Le congrès a fini par voter ce qu’il a appelé des résolutions, qui ne sont, en réalité, que des déclarations de principes, puisque la fixation du taux des salaires, par exemple, qui était le plus cher de ses vœux, non-seulement lui échappe, mais échappe même à toutes les puissances humaines. Aucune question n’a d’ailleurs été serrée d’un peu près : pour la protection des ouvrières, les congressistes ont adopté la formule suivante : à travail égal, salaire égal. Cela voulait-il dire, dans leur pensée, que le salaire des hommes devrait être réduit au profit de celui des femmes, qui serait augmenté de façon à obtenir un nivellement ; ou bien que le salaire féminin serait, purement et simplement, porté au chiffre du salaire masculin ? Et qui donc paiera la différence ? Les ouvriers paraissent ignorer que ce sont eux-mêmes qui, par les mains de leurs patrons réciproques, se paient les uns aux autres leurs salaires, compris dans la valeur des objets qu’ils consomment. La consommation des pauvres étant infiniment plus grande que la consommation des riches, parce qu’ils sont infiniment plus nombreux, l’élévation factice des salaires, même si elle était possible, correspondrait aussitôt à une élévation du prix de la vie pour les ouvriers, et, par conséquent, ne leur servirait à rien.

Ce groupe de travailleurs, qui s’escriment contre le capital et qui rêvent de tuer leur poule aux œufs d’or, ignorent que c’est au contraire par l’extension de ce capitalisme qui se développe chaque jour et chaque jour se démocratise, qu’ont été obtenues la plupart des améliorations sociales dont ce siècle s’honore, et que le siècle suivant obtiendra, par le même moyen, dans l’avenir, beaucoup de celles qui sont encore dans le domaine des espérances.

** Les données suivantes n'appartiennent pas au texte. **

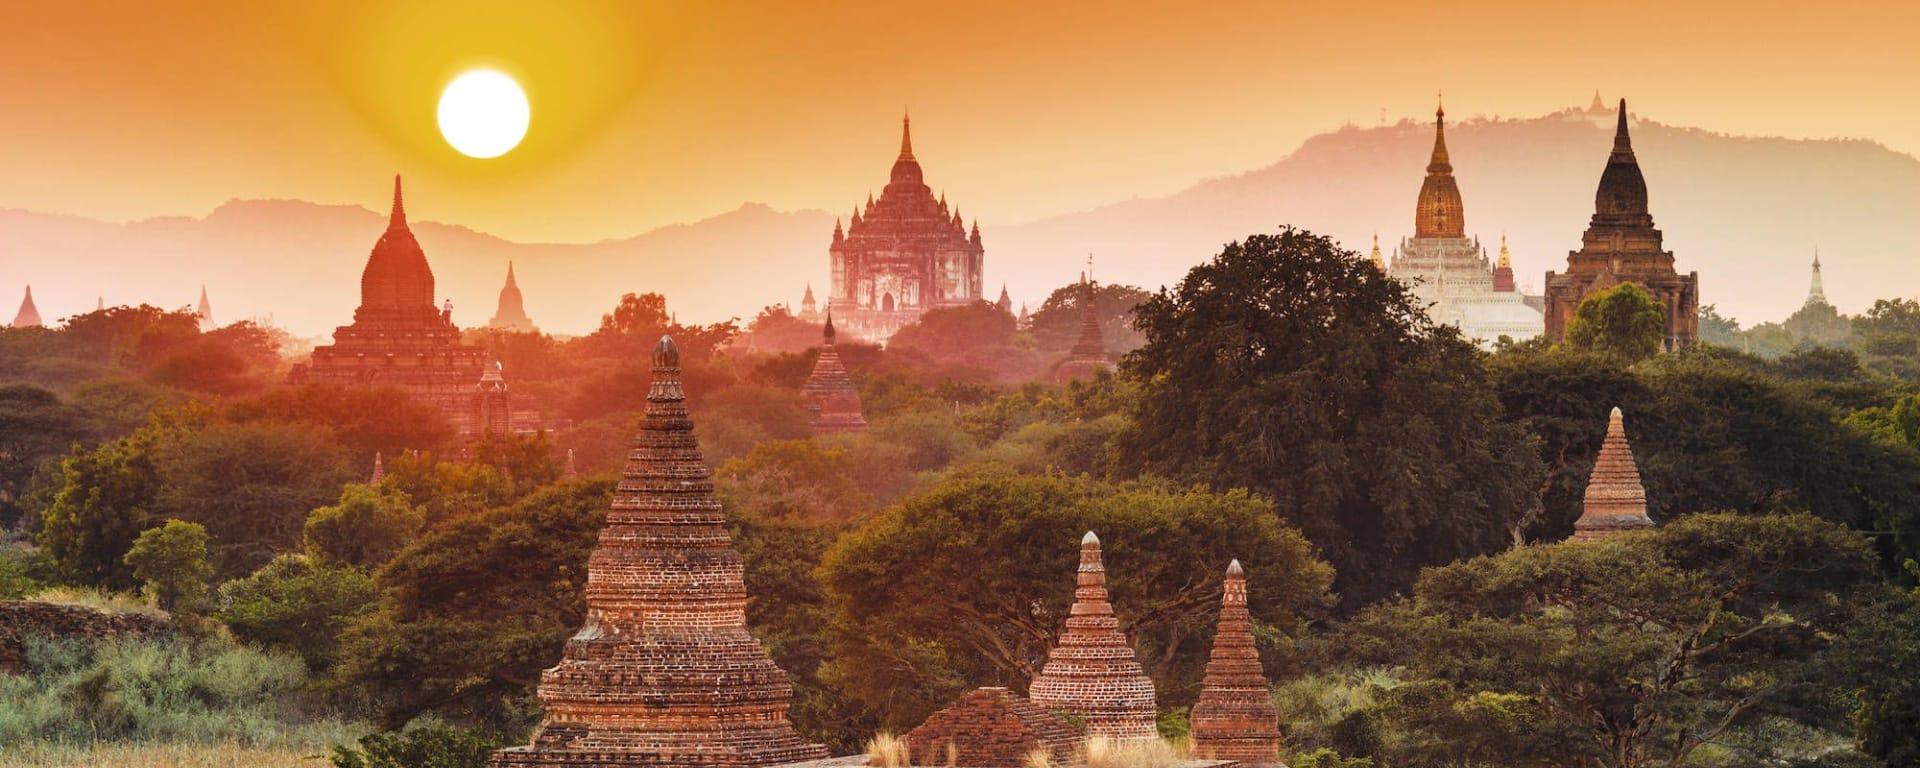 Mythes et légendes du Myanmar de Yangon: Bagan

Les meneurs socialistes, qui prêchaient l’union internationale du prolétariat et l’égalisation des salaires, s’étaient à peine séparés depuis trois jours, lorsqu’un incident déplorable se produisait dans le sud de la France, à Aigues-Mortes, provoqué justement par des concurrences ouvrières, par une offre de travail étranger qui faisait baisser le prix du travail indigène. Que la querelle entre les ouvriers français et italiens, employés chaque année à cette époque, dans les salins du Midi, à la récolte du sel, ait eu pour motif accidentel quelques taquineries entre journaliers des deux nations, il n’en est pas moins vrai qu’entre eux la cause permanente et ancienne de l’hostilité est un antagonisme économique.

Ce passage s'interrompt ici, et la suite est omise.